Let $\mathrm{gnu}(n)$ denote the number of groups of order $n$, and $p$ denote an odd prime.
It's well known that $$\mathrm{gnu}(2p)=2,$$
and that
$$\mathrm{gnu}(4p)= \begin{cases}5 & p \equiv 1 \mod 4 \\4 & p \equiv 3 \mod 4\end{cases}$$
with the one exception that $\mathrm{gnu}(4 \cdot 3) = 5$.
Looking through the data of the number of groups of order $8p$, $16p$, it looks to me that
$$\mathrm{gnu}(8p)= \begin{cases}15 & p \equiv 1 \mod 8 \\12 & p \equiv 3,7 \mod 8\\14 & p \equiv 5 \mod 8\end{cases}$$
with the exceptions $\mathrm{gnu}(8 \cdot 3) = 15$, $\mathrm{gnu}(8 \cdot 7) = 13$, and
$$\mathrm{gnu}(16p)= \begin{cases}54 & p \equiv 1 \mod 16 \\42 & p \equiv 3,7,11,15 \mod 16\\51 & p \equiv 5,13 \mod 16\\53 & p \equiv 9 \mod 16\end{cases}$$
with the exceptions $\mathrm{gnu}(16 \cdot 3) = 52$, $\mathrm{gnu}(16 \cdot 5) = 52$, $\mathrm{gnu}(16 \cdot 7) = 43$, although I haven't attempted to prove either of these rigorously.
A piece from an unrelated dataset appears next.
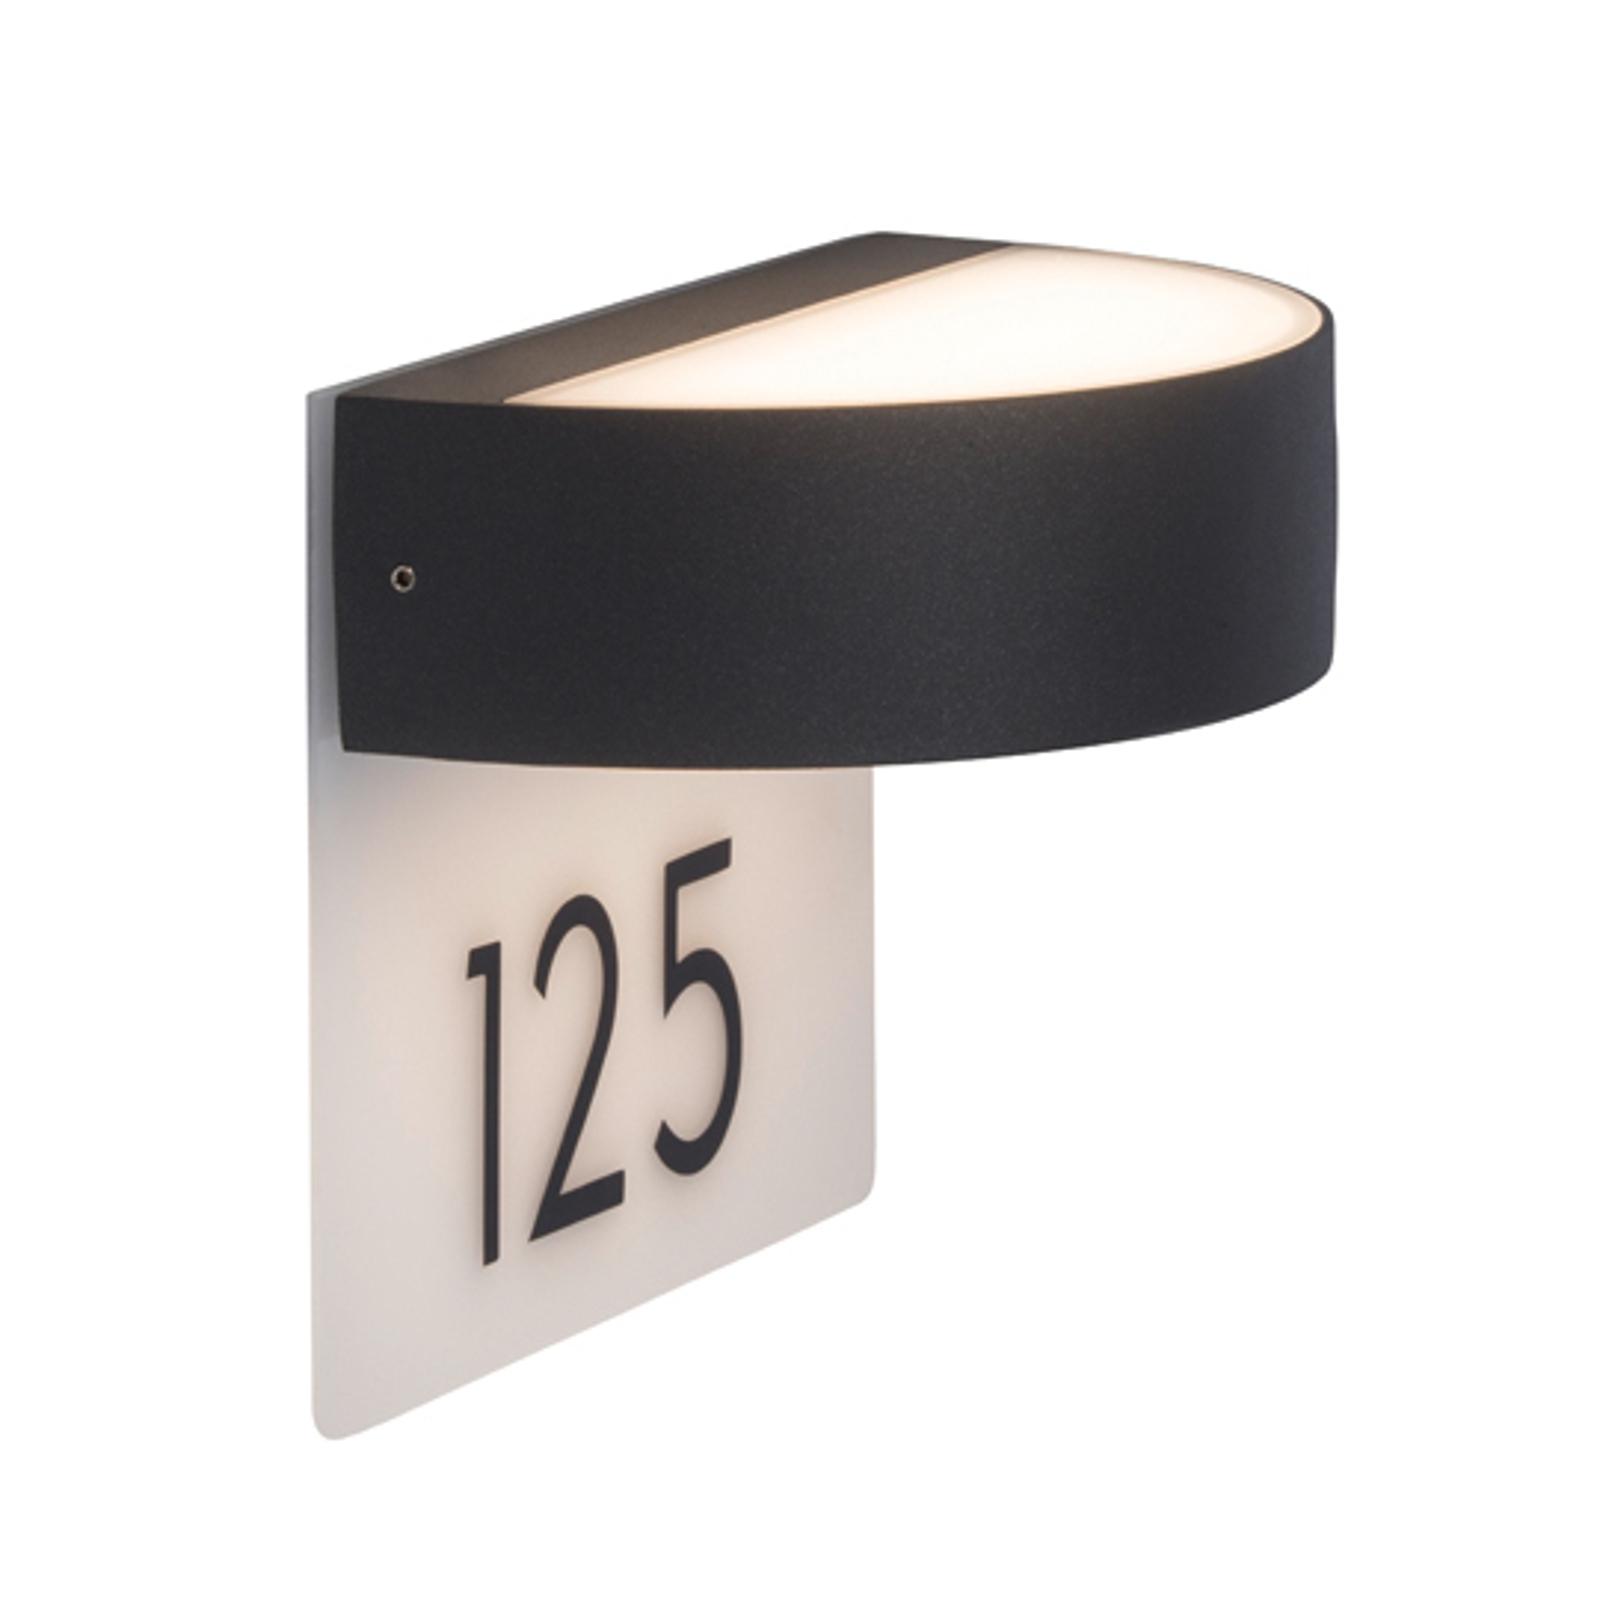 Élégant numéro de maison lumineux LED Monido

Altogether, it looks to me like $\mathrm{gnu}(2^n \cdot p)$ depends on $p$ modulo $2^n$, and takes on a constant value, other than a few small exceptions. Is this known to be true? If not, is a counterexample known? (Also, are my results for $\mathrm{gnu}(8 p)$ and $\mathrm{gnu}(16 p)$ actually correct?)
Edit: If you're curious, I've just written a computer program to check through data on groups of order up to $50,000$ (see this) to attempt to find patterns for $32p$ and $64p$, and indeed it did. Here's a link to a pastebin, I won't write it all out here, to save making the question even longer. It couldn't really do $128p$ with confidence, since there's only one group of the relevant orders in each of the classes at that point.
Let $G$ be a group of order $2^np$. If $p$ is large enough with respect to $2^n$, then a Sylow $p$-subgroup of $G$ will be normal, so $G$ will be a semi-direct product $C_p\rtimes G_2$, with $G_2$ a Sylow $2$-subgroup. So the number of isomorphism types will depend only on the number of choices for $G_2$ and the number of choices of homomorphisms $G_2\to \mathrm{Aut}(C_p)$ (up to equivalence). It is well-known that $\mathrm{Aut}(C_p)\cong C_{p-1}$ which has a normal $2$-subgroup $N$ which must then contain $\mathrm{im}(G_2)$. Moreover $N$ is cyclic so it has a unique subgroup of each order, so $\mathrm{im}(G_2)$ is contained in the unique subgroup of order $|G_2|$ of $N$. So the number of choices only depends on the highest power of $2$ dividing $p-1$, up to $|G_2|$.
(This also explains your data: the answer is bigger as the power of $2$ dividing $p-1$ increases. For example you get a maximum when $p\equiv 1 \pmod {2^n}$.)